Wednesday, March 18, 2009

Operation S-Can continues

The first of my Star Trek toys just sold on Ebay. $72 + $10 shipping. For a toy I bought in 1995 for... $14, threw away the box, and let sit in a bin for 13 years. Not too shabby. Not all of them are gold: A lot of them will malinger at $5 and $10, plus shipping, which is still better than throwing them away.

It'll help pay for the replacement tire I had to buy today: you want to have a good spare in the trunk these days. (See last Thursday's blog on that) Very happy to have my complimentary roadside assistance for that.

On to Literature: My mom has suggested that I get into the James Patterson Maximum Ride series - about winged teens saving the world. It's apparently the new Twilight. So I'll be giving that a go. There are 5 books so far - I suspect it's a little less "big Arc" than Twilight and more "and another adventure with...".

Just finished a book by Bruce Sterling - The Caryatids. Sterling is a singularly frustrating author for me: He has such incredible ideas and a great head for the deeper macro causes driving the world he's describing. He builds great situations and backdrops. But he has a tin ear for dialogue and character: I never believe that any person in his stories is acting in a way I comprehend as a human being. It's as if he views people and motivations from a two way mirror without the benefit of audio and guesses at what their actions might mean, but misses the point entirely.

It doesn't help that the core of this book was four bickering clone sisters on a ruined greenhouse-effect earth who hate their clone mother (who is on a chinese space station) and a philandering man who loved them all... none of who acted with any shred of consistency.

An earlier book - Holy Fire - was similarly frustrating: Scientifically, it was a cool concept: A respectable octogenarian woman undergoes an age reversal process, and begins wreaking havoc because she begins thinking impulsively like a teen. There's interesting science to back that up (brain development in teens....), but written in such a way that really didn't relate. I wound up throwing the book down yelling "oh just GROW UP you pouty face". So maybe he did a good job. But it wasn't fun.

Maybe he shouldn't be writing for female protagonists... because I don't feel he gets them even close to right. On the other hand, maybe he writes BRILLIANTLY for female protagonists and I just don't understand because I'm not a female. I'm prepared to accept that possibility. But in either situation, the reading is not very satisfying to me. I'm moving him to my "not all that great for me" column.
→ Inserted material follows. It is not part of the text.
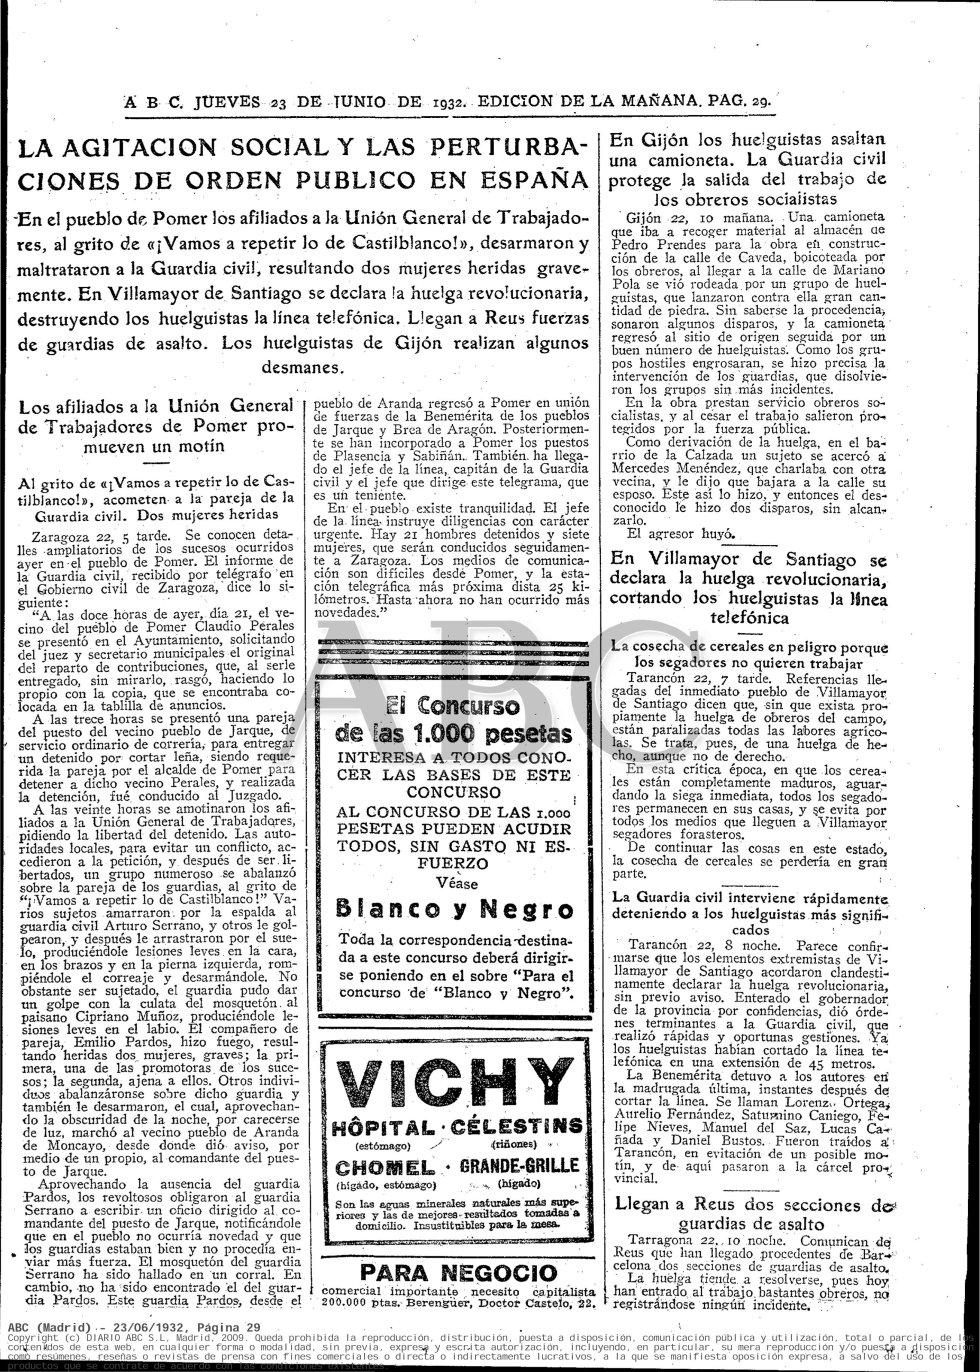 Periódico ABC. Fecha: 23 de junio de 1932. Edición de la mañana. Pág. 29. Enlace: http://hemeroteca.abc.es/nav/Navigate.exe/hemeroteca/madrid/abc/1932/06/23/029.html

Compare and contrast with Neal Stephenson and Charles Stross: They both work in similar veins, but both have a more fluid ear for dialogue and character motivation: I understand where people are coming from and why they're moving the directions they move in their books. It just feels RIGHT. Even when Neal takes for-freaking-EVER to get to the point sometimes....

Allright: Workout stuff. Shockingly, my second attempt at taping BodyAttack failed. A missing two minutes from the middle - I think my taping assistant bumped the red button while moving the camera. Sigh. Try three coming atcha Sunday.